A resistor by itself generates noise from random movement of electrons inside that resistor. Without noise, the resistor measures at 0V flat. With noise, it measures at some random voltage values fluctuating above and below 0V. Noise, like signals, is a waveform of voltage (or current). Like any other waveform, periodic or aperiodic, noise is a superposition of sinusoids varying in frequency and amplitude.

If we model the noise generated by a resistor as a voltage source \$ v_{noise} \$, and that we (unrealistically) assume the noise to be a single sinusoid that has frequency within the bandwidth of a passband filter, we can measure the power of that noise (or equivalently, the power of that single frequency). I think the graph (Power/Hz vs. Frequency) is what they call the Power Spectral Density (PSD).

deltaf_01

Johnson Noise (or Johnson-Nyquist, Nyquist, Thermal, White Noise), as it turns out, generates an average \$ k_bT \$ watt of power for each and every constituent frequency of that noise. Thermal noise, as a random waveform, is composed of an infinite number (hence, a continuum) of sinusoids, each having a constant power of \$ k_bT \$. That explains the straight flat line valued at \$ k_bT \$ across the entire spectrum to infinity.

deltaf_02

The passband filter let through the set of frequencies between 1k-10kHz and filters the rest of the noise frequencies to ground. \$ \Delta f \$ is the bandwidth of the filter, and the area is dimensionally the power of noise! The wider the bandwidth, the bigger the noise power.

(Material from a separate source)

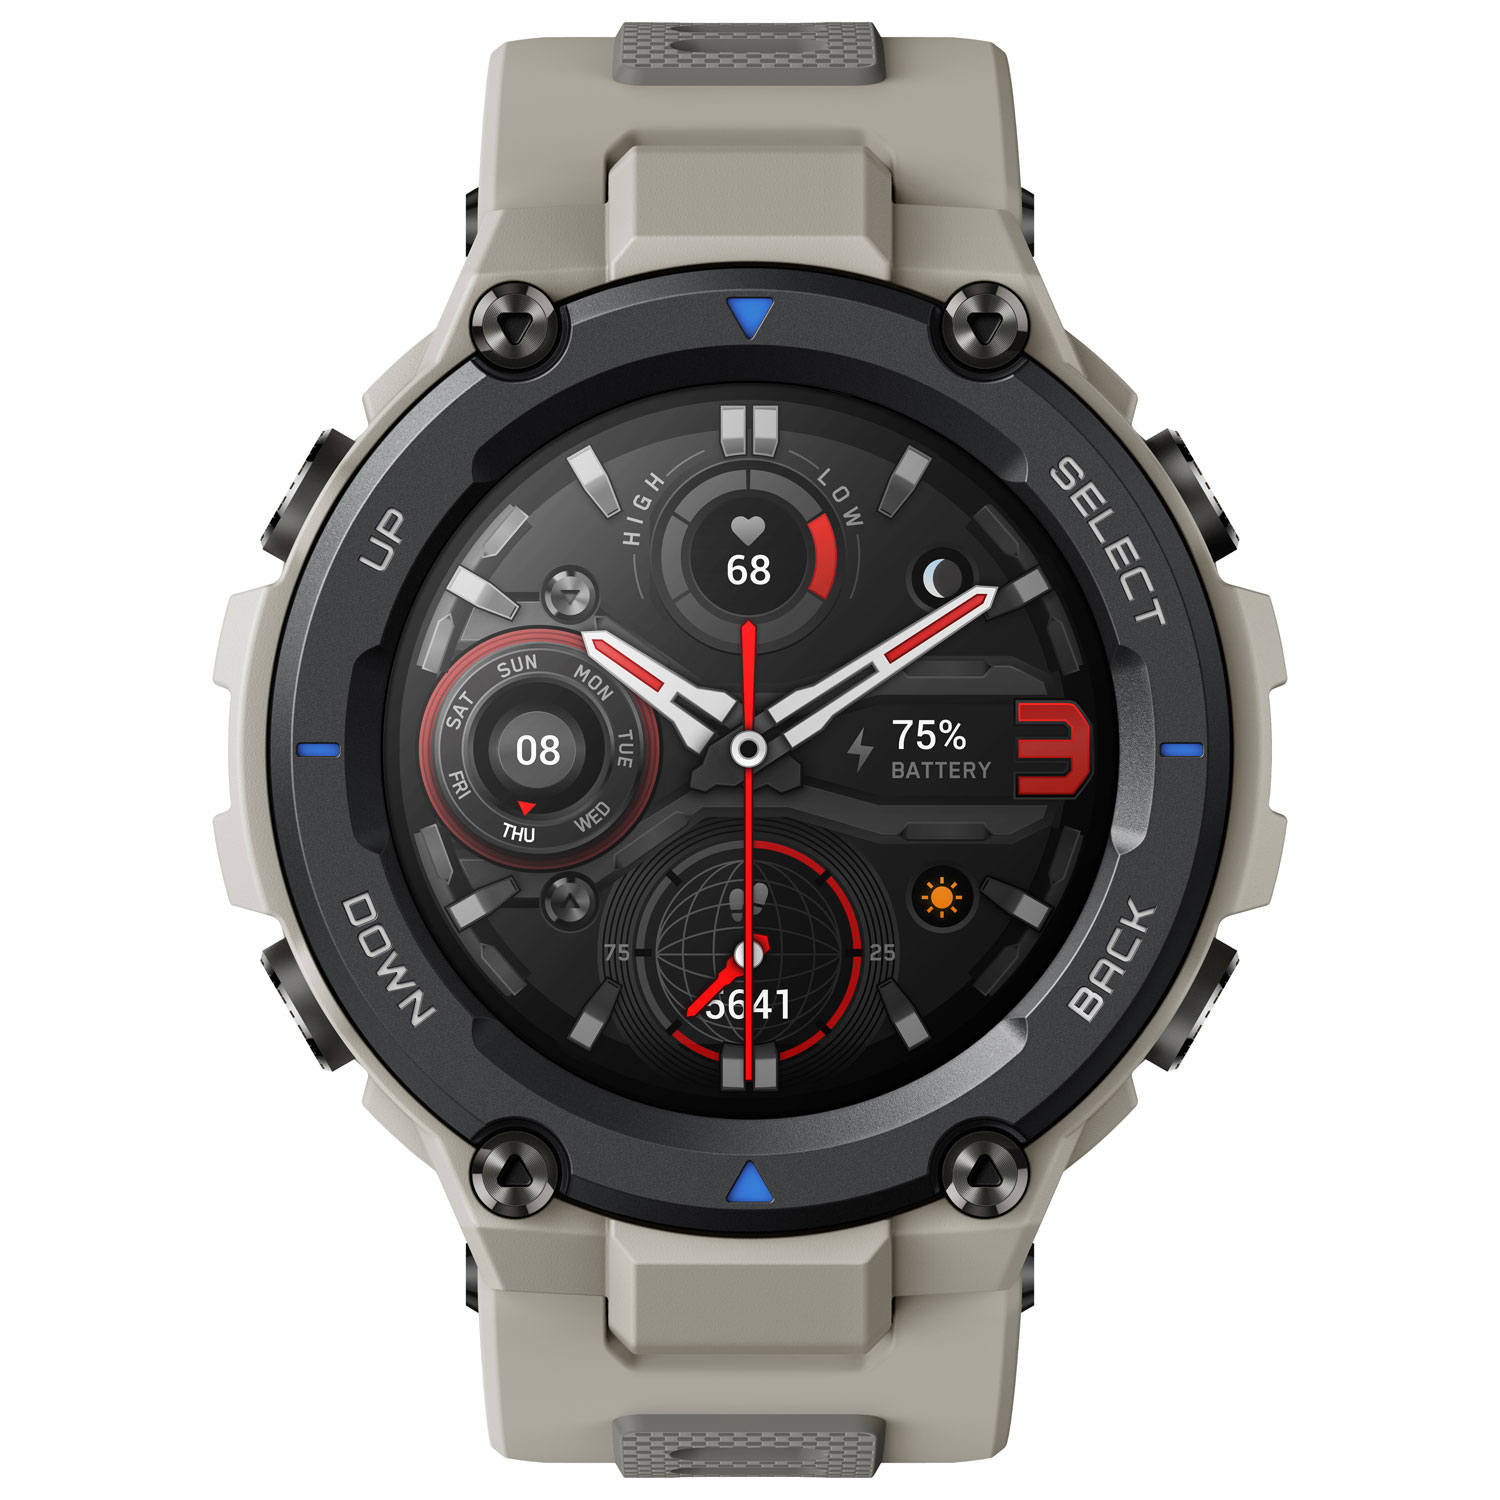 Amazfit T-Rex Pro Smartwatch with Heart Rate Monitor - Grey
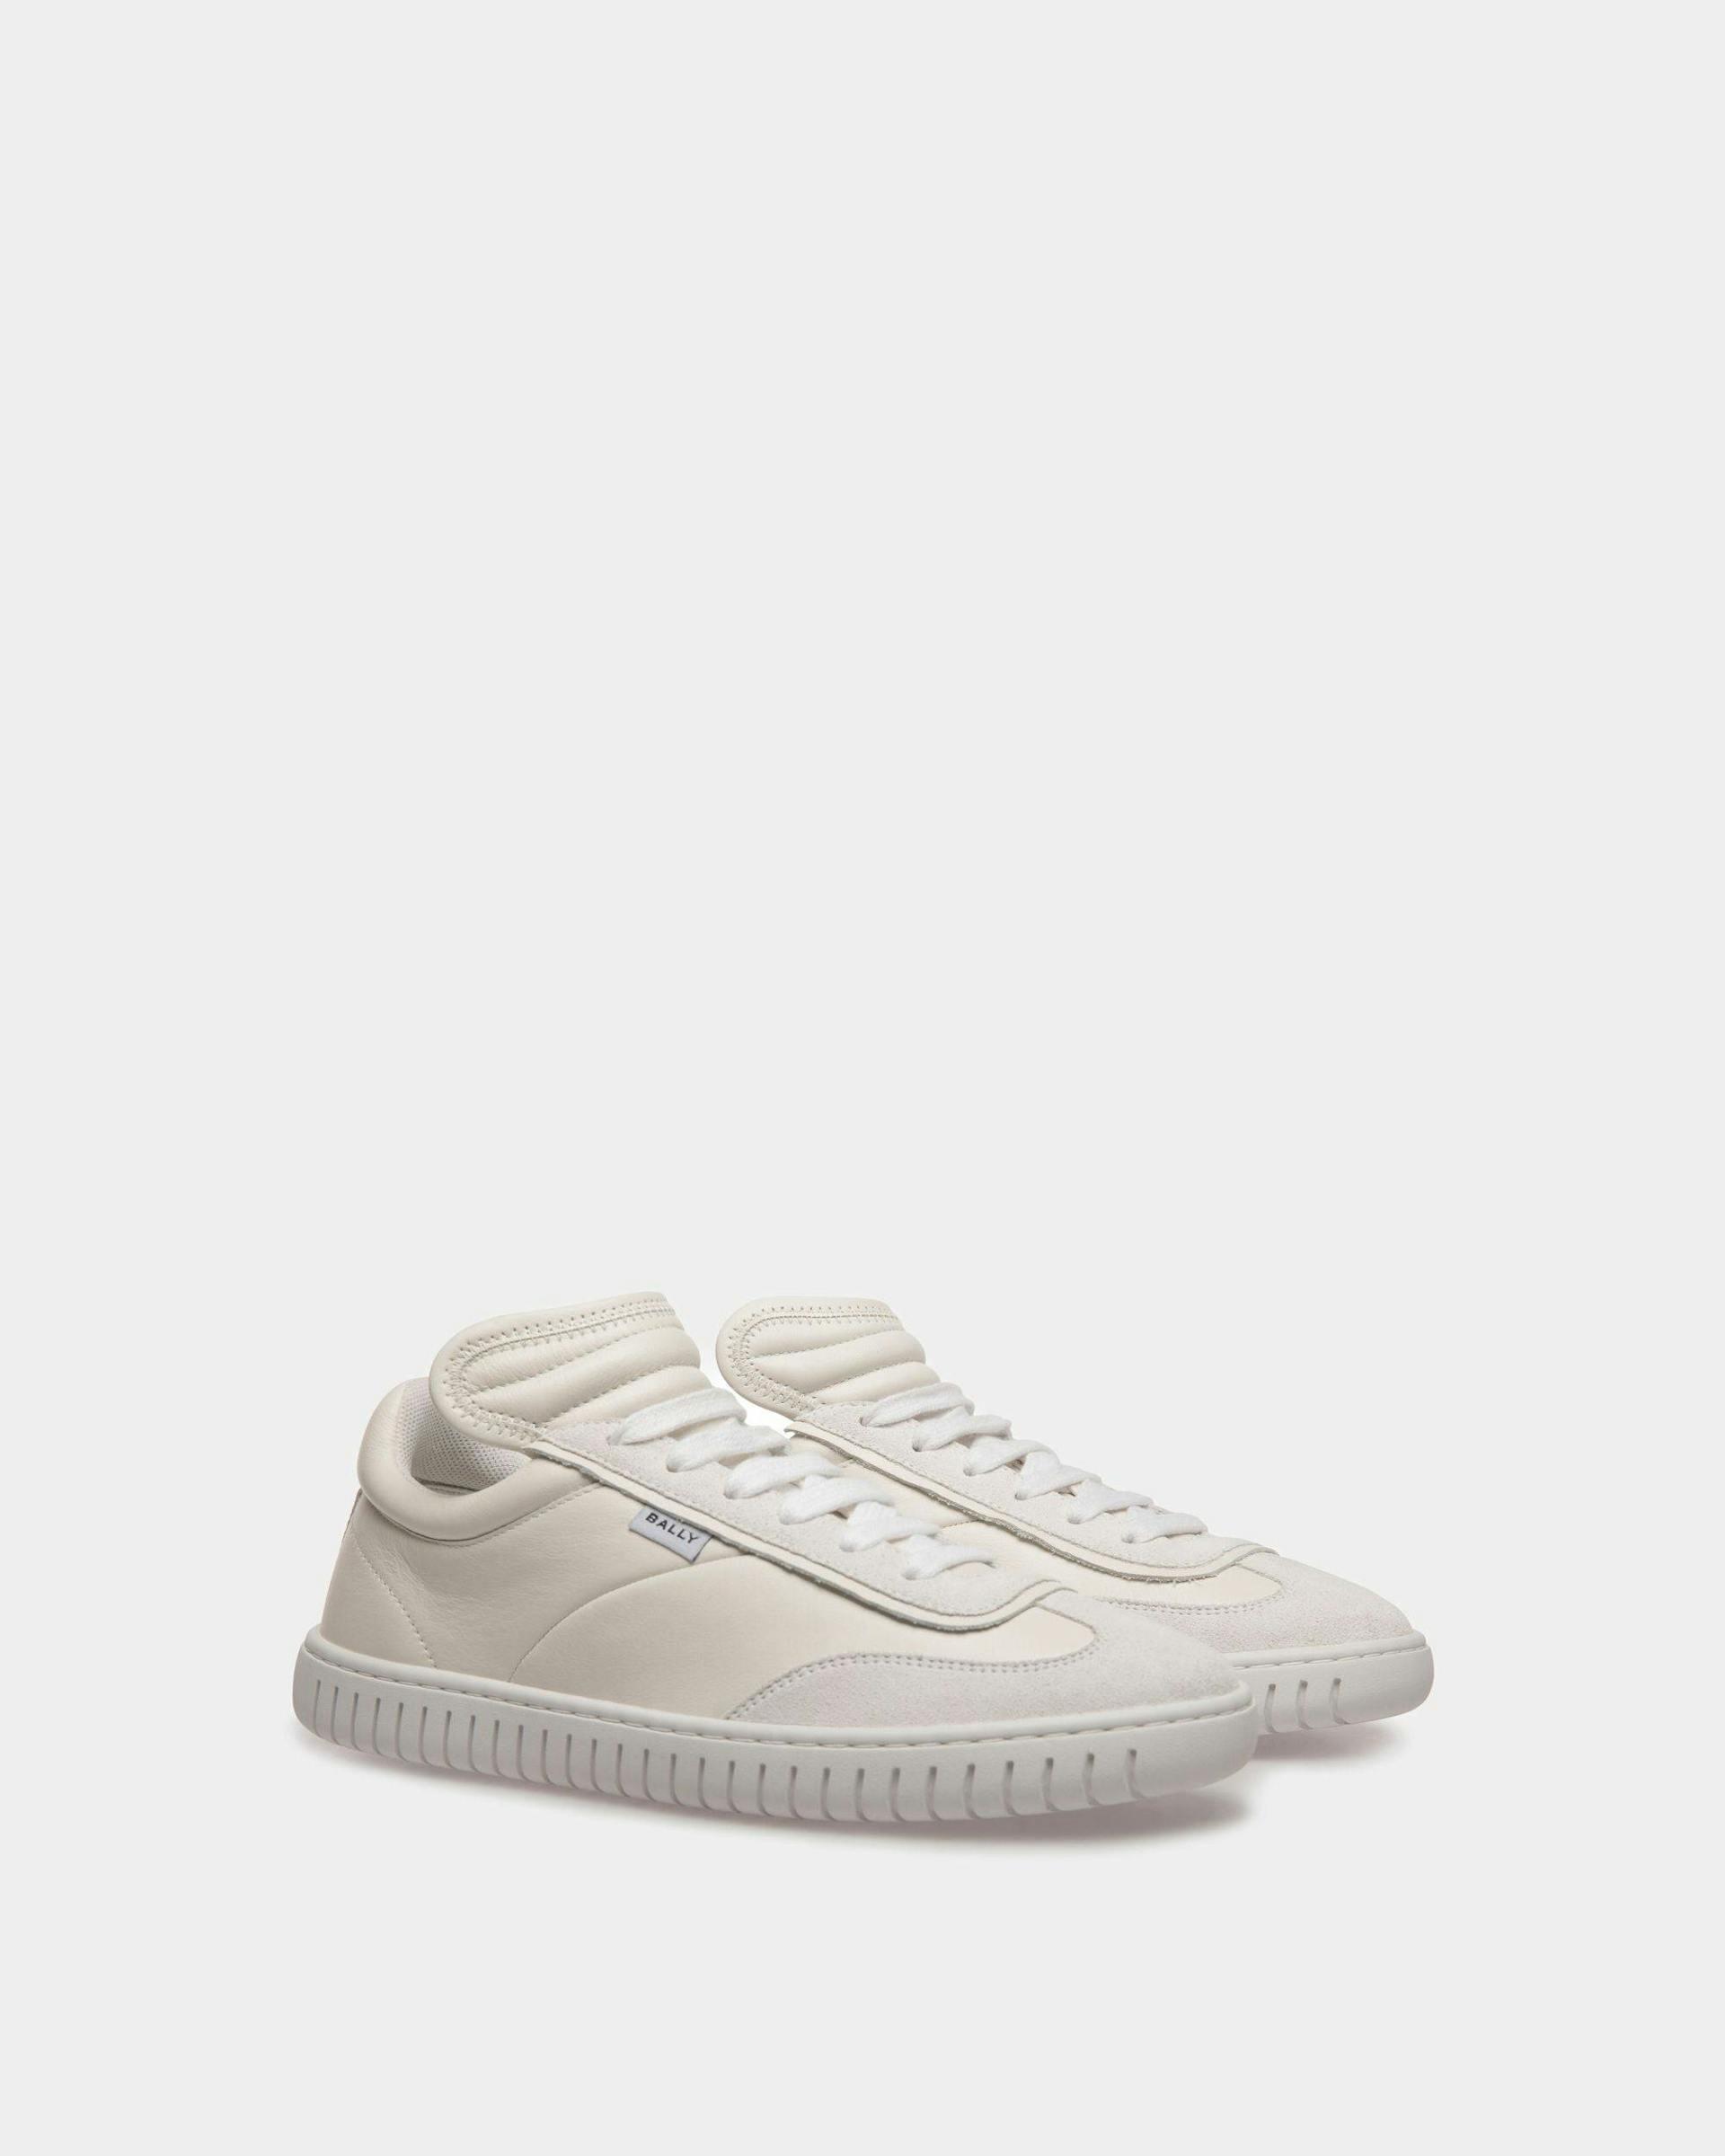 Women's Player Sneakers In White Leather | Bally | Still Life 3/4 Front

If I remove the passband filter, the noise will now be filtered by the bandwidth of my oscilloscope and the intrinsic/parasitic serial or parallel capacitance or inductance (which also acts like filters) of the resistor. Thus in reality, there's always a bandwidth existed somewhere to prevent you from collecting an infinite amount of noise power, and that the finite power is a function of the bandwidth \$ \Delta f \$.